電車の中に子供が乗ってくると、声が苦手すぎて睨んでしまう(そしてそそくさと車両を移ってしまう)。

バイトで接客業をしたときは、お客様の来店に対して心の中で「忙しいのに来るんじゃねえよ」と悪態をついていた。自分のペースを崩されることがあまりにも許せなくて、笑顔なんか作れなかった。

会社で電話番をさせられそうになったときは、
ありったけの熱意で「嫌です!!」とキレた。
嫌いな仕事を押し付けられて病むなんてバカバカしいもん。病んでも責任取ってくれないし。

過去にも、受付の仕事でキャパオーバーになり
お客様のスマホを(目の前ではないものの)ぶん投げてしまったことすらある。その仕事も4ヶ月しか続けられなかった。


これまで快適に働けていたのに、
事前連絡もなく突然環境を変えられたことに対して、怒りがおさまらない。

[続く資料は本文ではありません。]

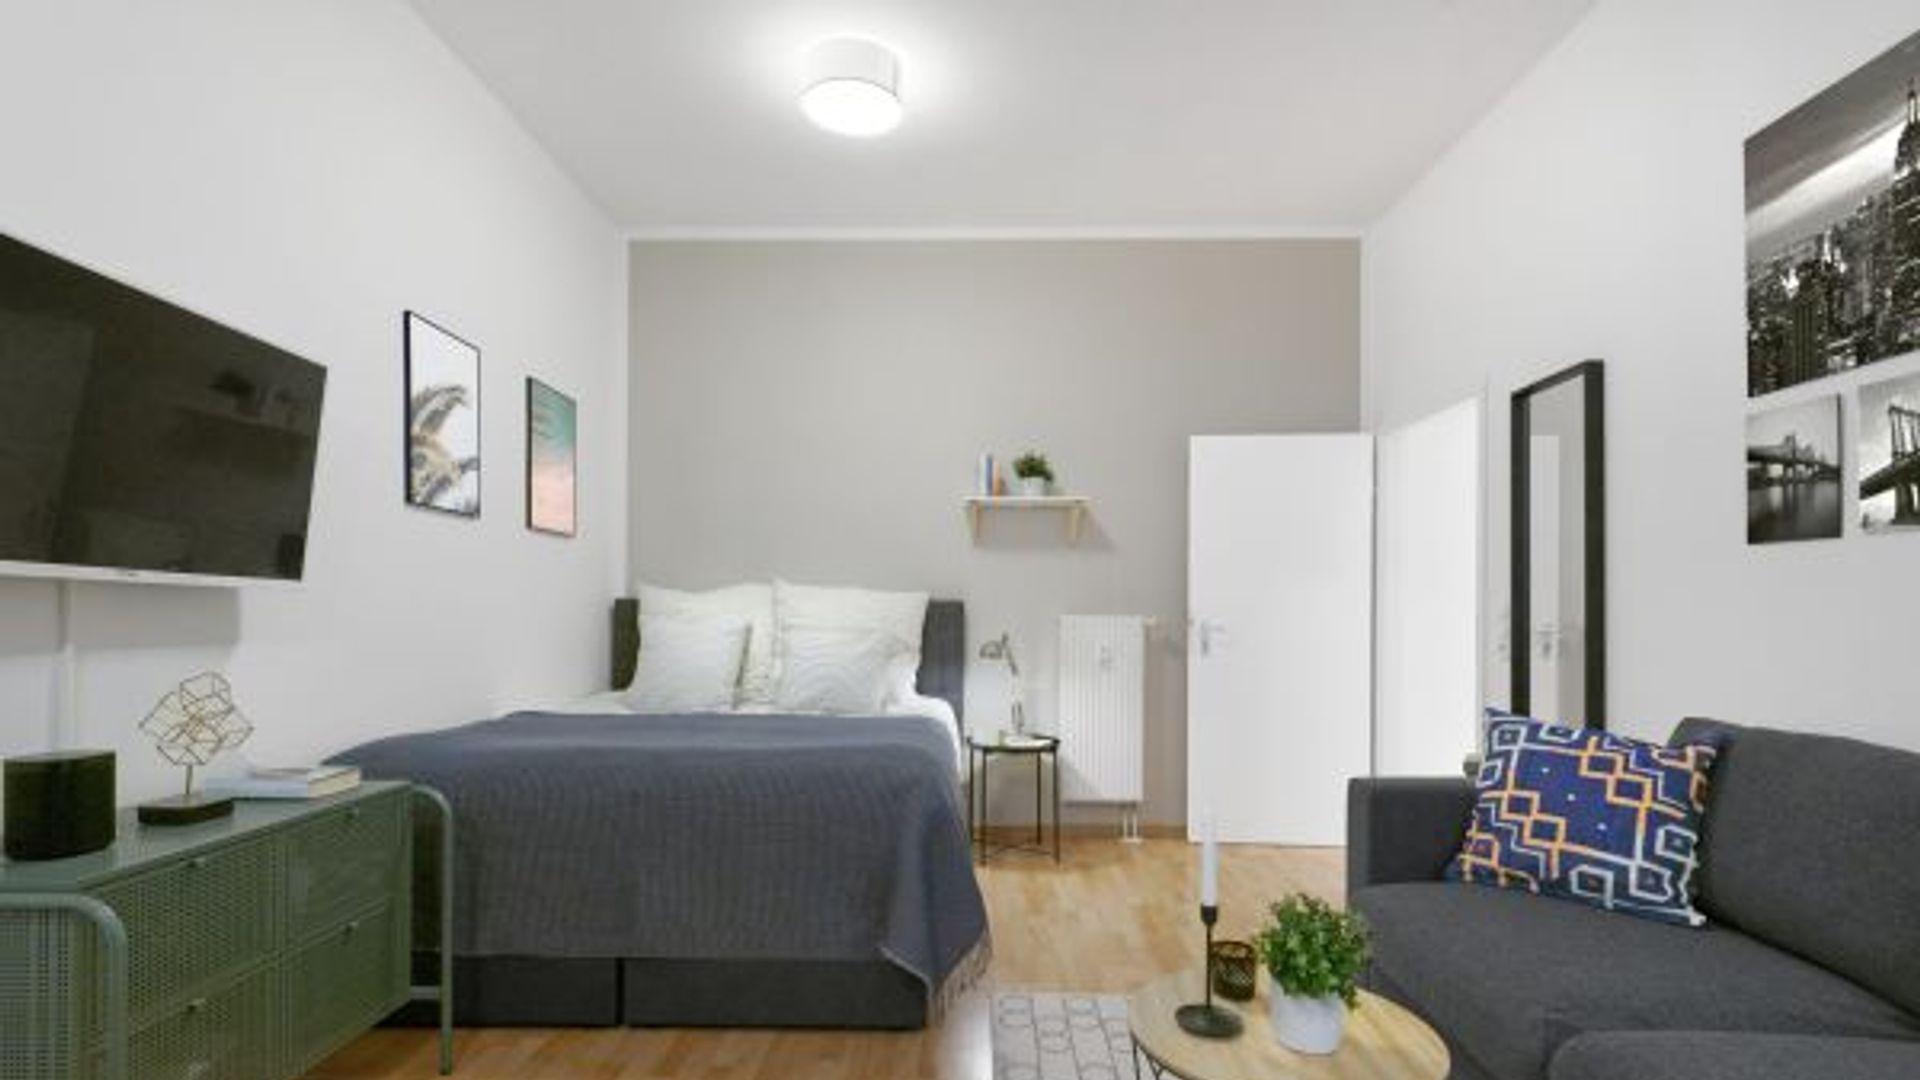 1 bed apartment at Sonnenburger Straße 66, 10437 Berlin ...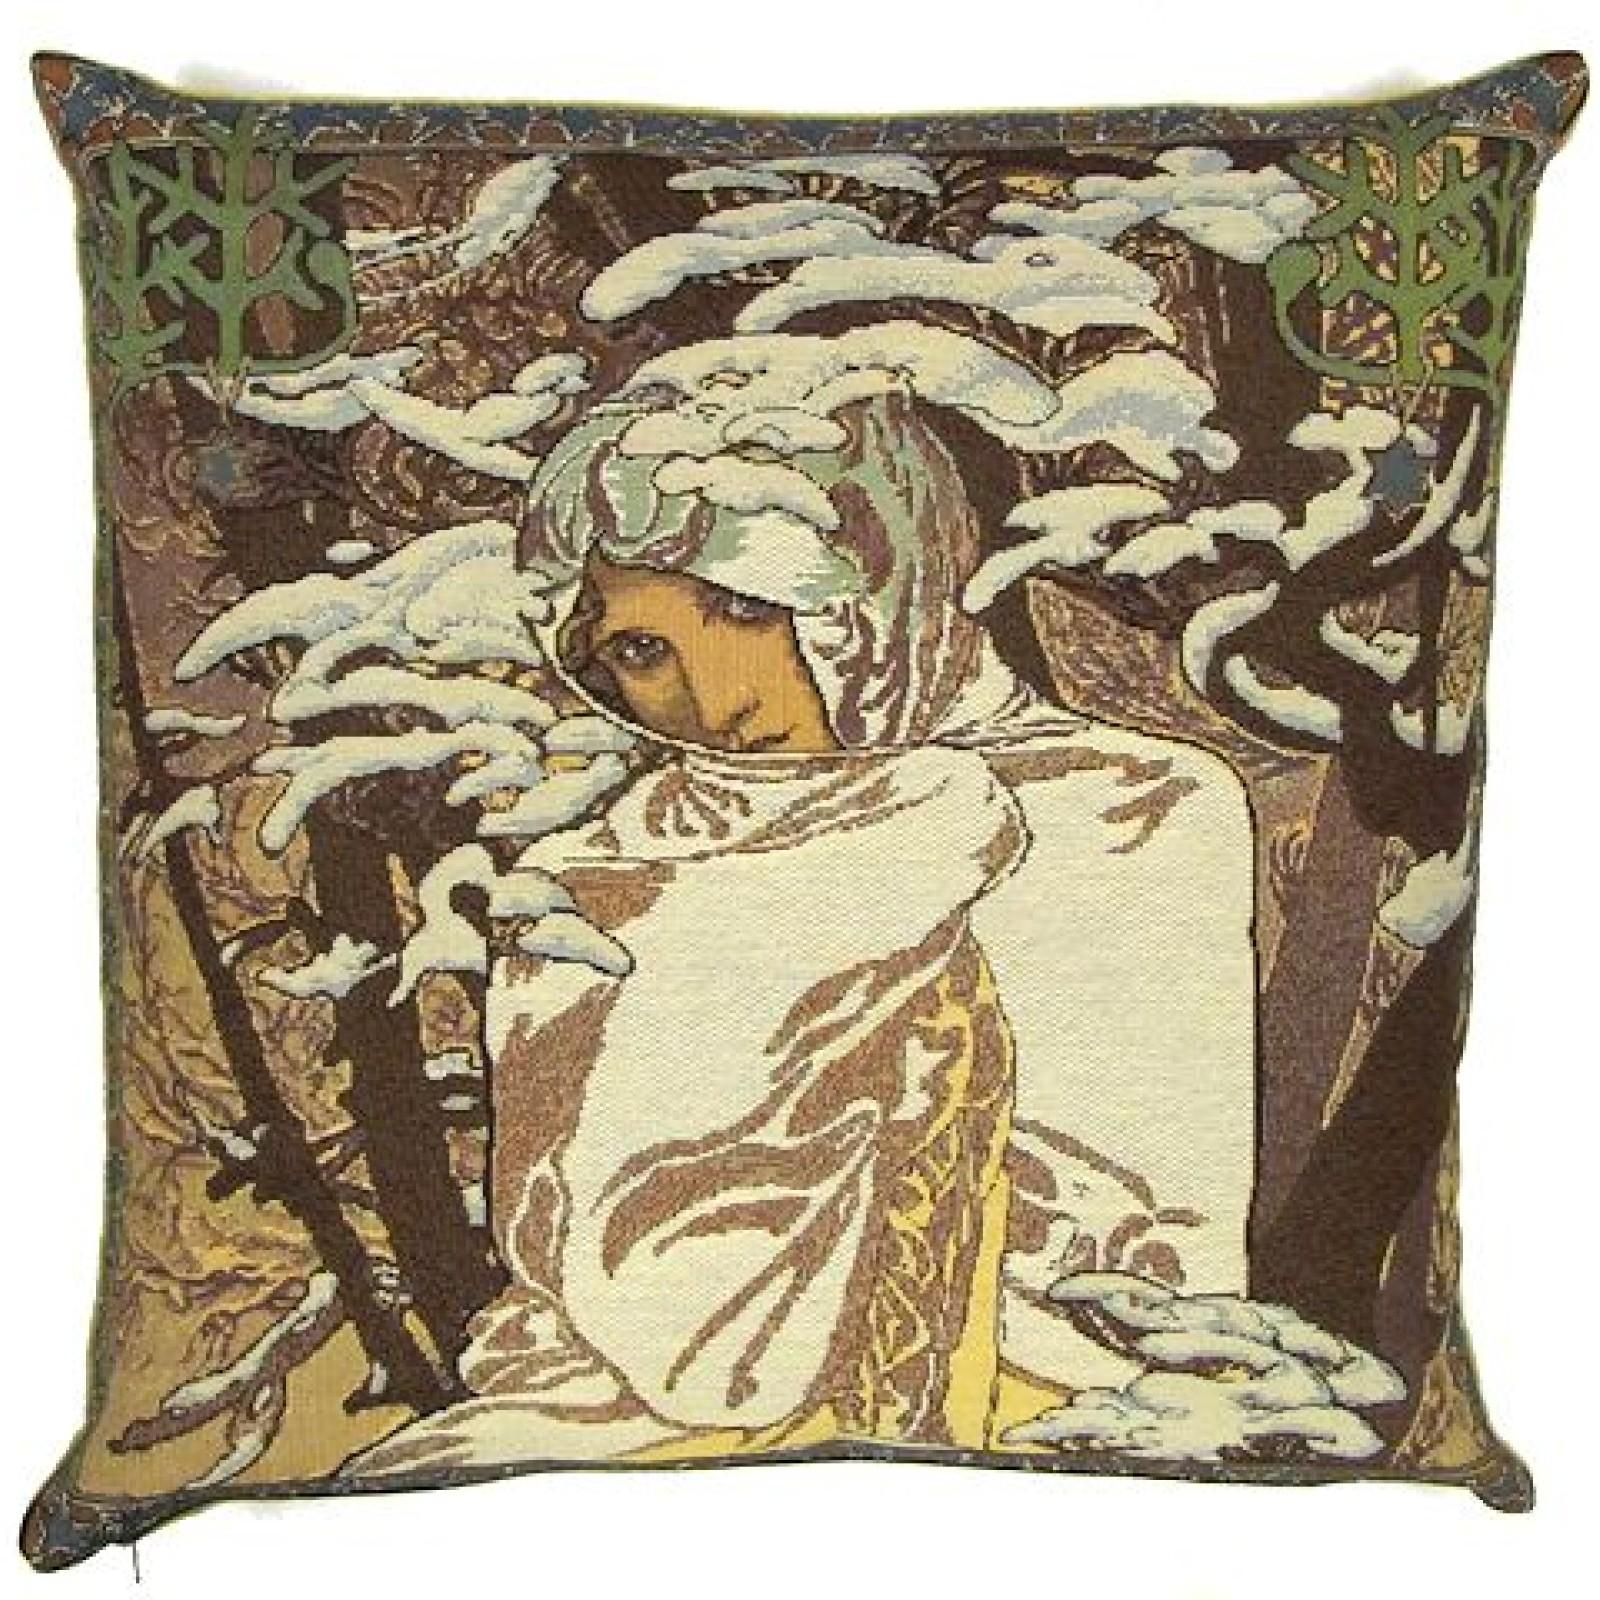 Massivt Gobelin pude - Alfons Mucha, Winter, 45x45cm - VILD MED SKIND Deco TT79

こんなの「わかりました」と言ってさっさと適応してしまえればどんなに楽だろうか。

画面越しに、向かいあわせの人の顔が見えるのも私にはすごくつらい。後ろに人がいて自分の画面を覗き込まれるのも、どんなにやましいことが何もなくても、ものすごく本当に嫌だ。


こんな自分だから、フルリモートで働けるようになりたくて、「研修期間が終わったらフルリモート可」の会社に入ったはずなのに。

私よりあとに入社してきた人が、
どんどんスキルや勉強量で私を追い抜いていく。

私は勉強したい気持ちがあっても、
冬は特に体が疲れて帰ってから何もできない。
もどかしいけど、本当に何もできない。

頑張らないと永遠に感覚過敏で苦しむ羽目になる。なのに、頑張れない。死にたくなってしまう。

人口密度の高い東京が合わないんだろうなと思って運転免許をとったりもしたけど、運転も下手だった。ものすごく怖い。


お金持ちになりたいなんて言わない、
必要最低限、食べて安全に暮らせればそれでいい。

しかし、感覚過敏の「最低限」は決して一般的な最低限ではないのだ。とにかく贅沢なのは自覚しているけど、耐えられるハードルが高すぎる。そうなるとやっぱりお金が必要になってしまう。


私はただ、静かに暮らしたいだけ。
音のない空間でマイペースに暮らしたいよ。

つらいことを強要されたくないだけ。
知らない人たちに揉まれたくないだけ。